Whites both North and South, moderate and conservative, continued to 
denounce advocates of civil rights as “un-American” and destructive 
throughout the 1960s. Agonized moderates argued that mass protest was 
counterproductive. It would alienate potential white allies and set the 
goal of racial equality back years, if not decades. Conservatives more 
harshly criticized the movement. National Review charged “King and his 
associates” with “deliberately undermining the foundations of internal 
order in this country. With their rabble-rousing demagogy, they have 
been cracking the ‘cake of custom’ that holds us together.” By 1966, 
more than two-thirds of Americans disapproved of King.

King aimed some of his harshest words toward advocates of civility, 
whose concerns aligned with the hand-wringing of many of today’s 
politicians and pundits. From his Birmingham jail cell, King wrote: “I 
have almost reached the regrettable conclusion that the Negro’s great 
stumbling block in his stride toward freedom is not the White Citizen’s 
Counciler or the Ku Klux Klanner, but the white moderate, who is more 
devoted to ‘order’ than to justice; who prefers a negative peace which 
is the absence of tension to a positive peace which is the presence of 
justice; who constantly says: ‘I agree with you in the goal you seek, 
but I cannot agree with your methods of direct action’.” King knew that 
whites’ insistence on civility usually stymied civil rights.

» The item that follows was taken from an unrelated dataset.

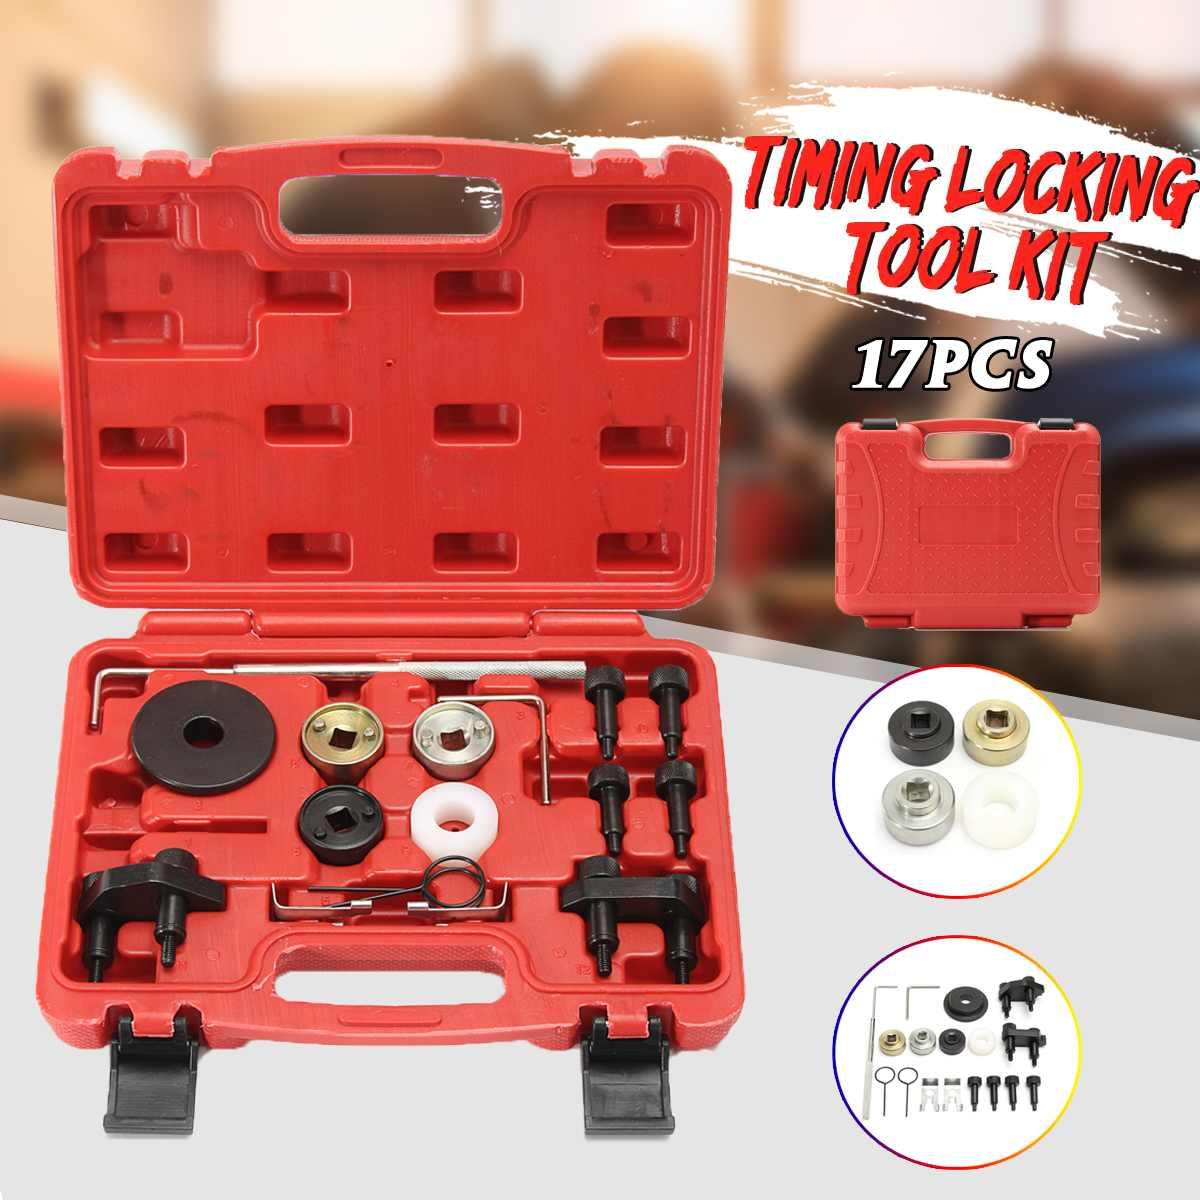 Universal Car Engine Cam Timing Locking Tool Set 2008-2013 For AUDI For VW 2.0 Turbo Tfsi Eos Gti A3 A4 A5 A6 Q5 Engine Care

Those methods of direct action — disruptive and threatening — spurred 
the Kennedy administration to move decisively. On June 11, the president 
addressed the nation on the “fires of frustration and discord that are 
burning in every city, North and South, where legal remedies are not at 
hand.” Kennedy, like today’s advocates of civility, was skeptical of 
“passionate movements.” He criticized “demonstrations, parades and 
protests which create tensions and threaten violence and threaten 
lives,” and argued, “it is better to settle these matters in the courts 
than on the streets.” But he also had to put out those fires. He tasked 
his staff with drafting what could eventually become the landmark Civil 
Rights Act of 1964. Dialogue was necessary but far from sufficient for 
passage of civil rights laws. Disruption catalyzed change.

That history is a reminder that civility is in the eye of the beholder. 
And when the beholder wants to maintain an unequal status quo, it’s easy 
to accuse picketers, protesters, and preachers alike of incivility, as 
much because of their message as their methods. For those upset by 
disruptive protests, the history of civil rights offers an unsettling 
reminder that the path to change is seldom polite.